Sequence Analysis of GDSL Lipase Gene Family in Arabidopsis
To analyze sequence characters of GDSL lipase gene
family in Arabidopsis thaliana, 108 members of GDSL lipases were
analyzed using data mining. The gene structures display remarkable diversity,
consisting of zero to 13 introns. And the genes are asymmetrically distributed
in chromosome 1-5, some of which are arranged in tandem. Phylogenetically,
they were classified into three groups. Lipase-GDSL domain (PF00478) is
housed at or close to N-terminus, or in the middle of amino acid sequences,
additionally in which other domains and replicates were also found. Most
GDSL lipases contain a signal peptide for conducting the secretary pathway.

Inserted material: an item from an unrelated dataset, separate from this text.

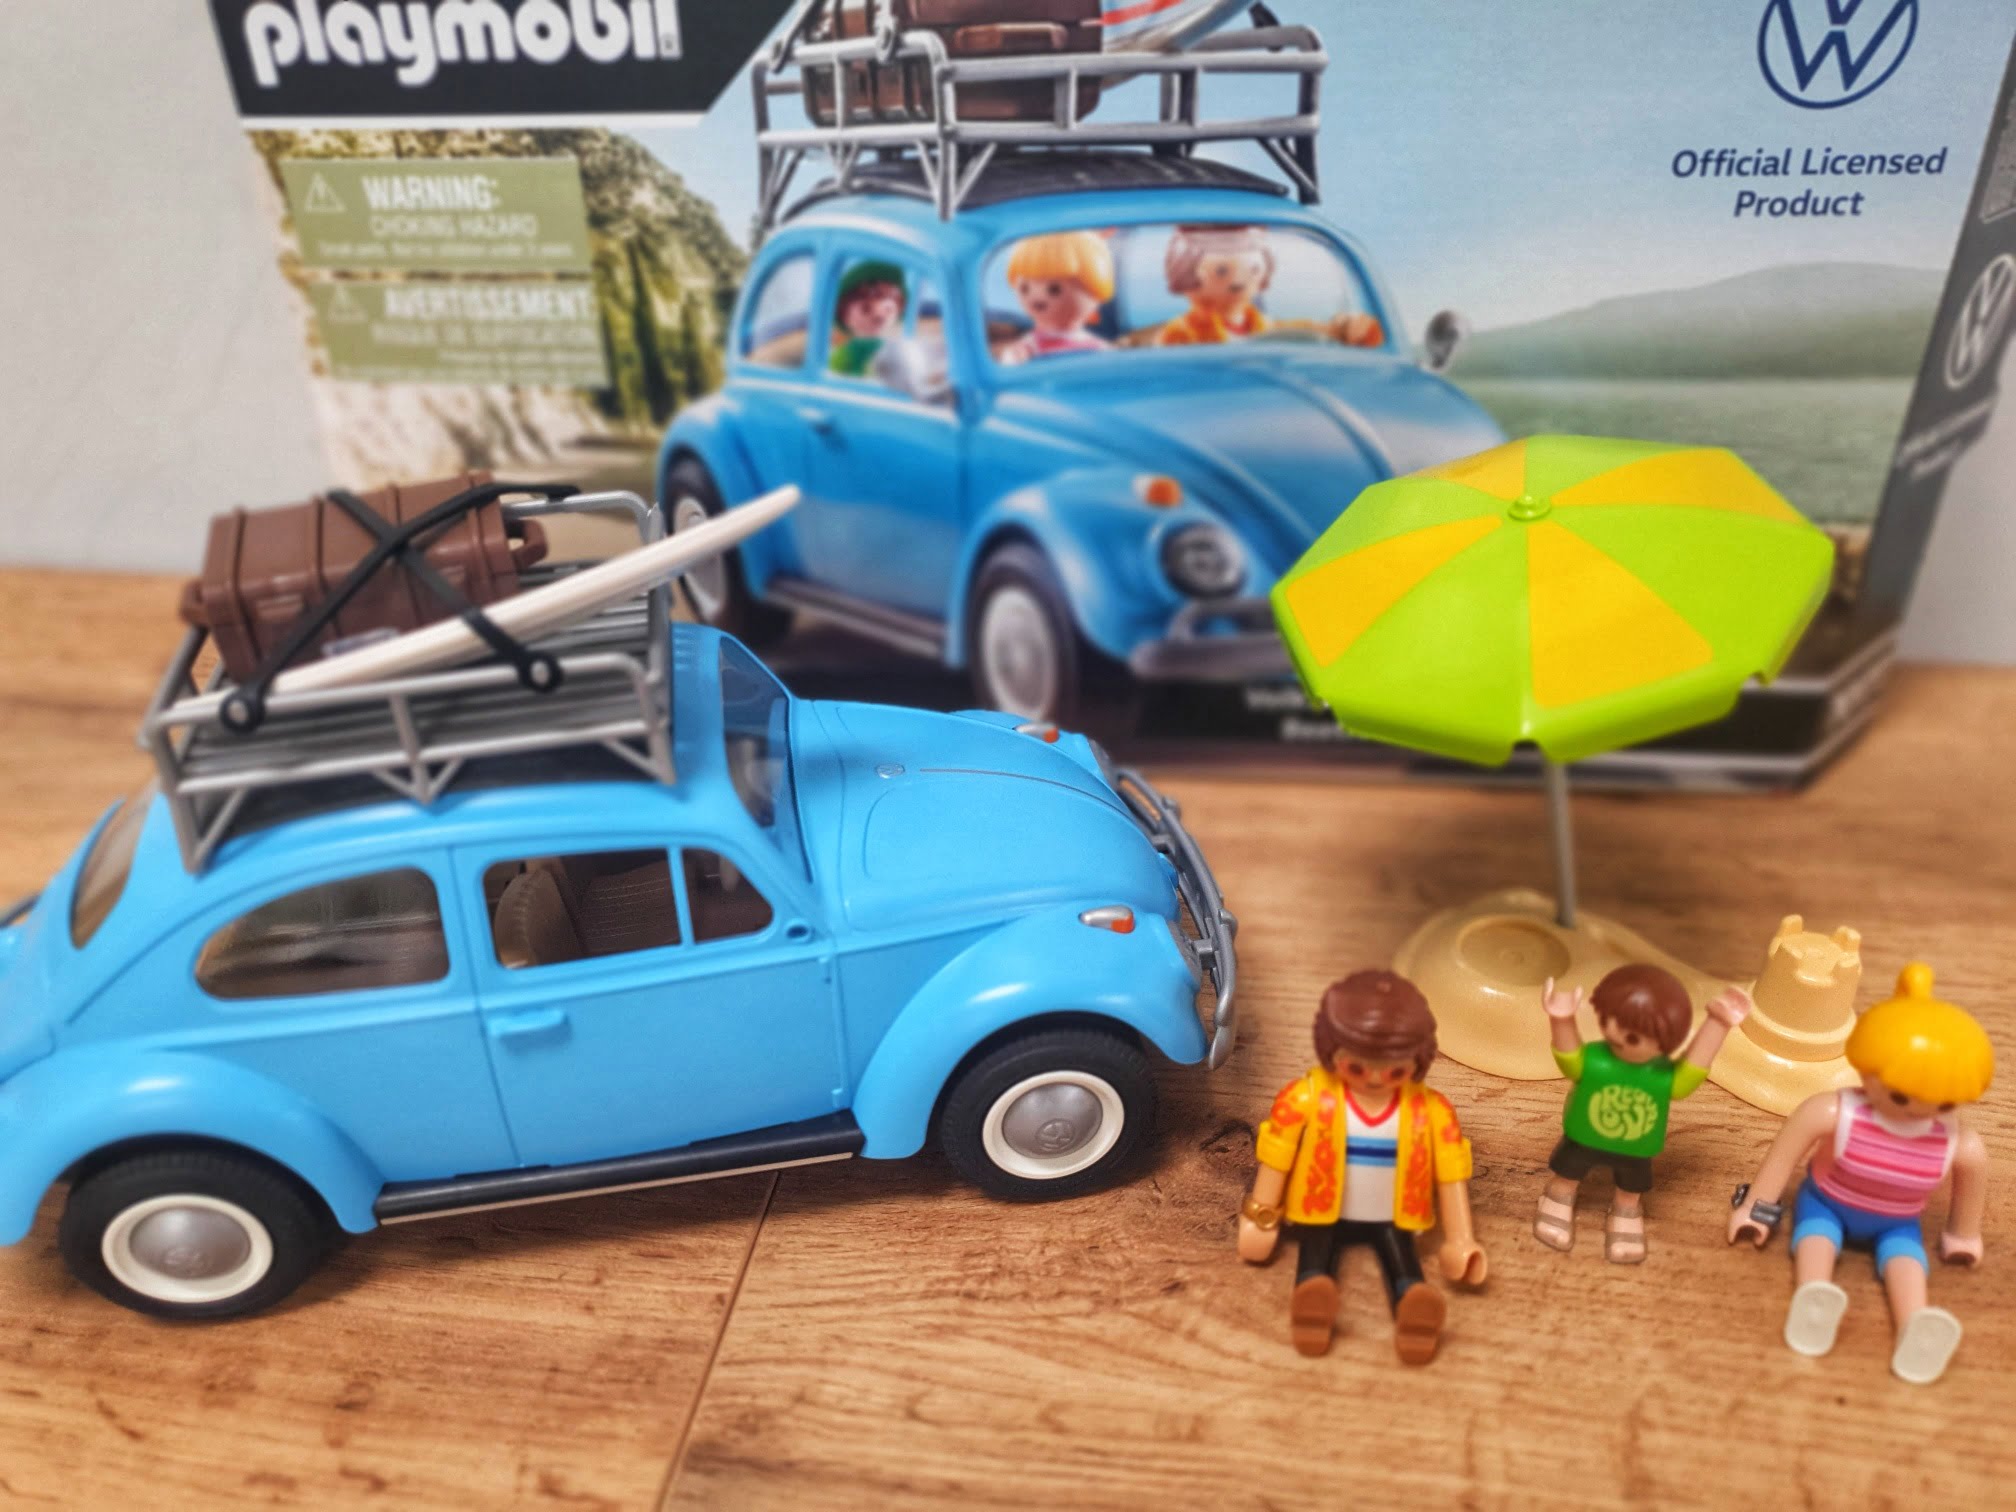 Playmobil Vw A Review Mummy Fever

They are predicted to be extracellularly secreted, or target to mitochondria,
chloroplast or any other parts of the cells. Functionally, these lipases
are potentially involved in multiple physiological roles including seed
germination, flowering and defense reactions. This study will help further
understand the sequences and functions of Arabidopsis GDSL lipases.
GDSL lipases widely exist in microbe and plant species.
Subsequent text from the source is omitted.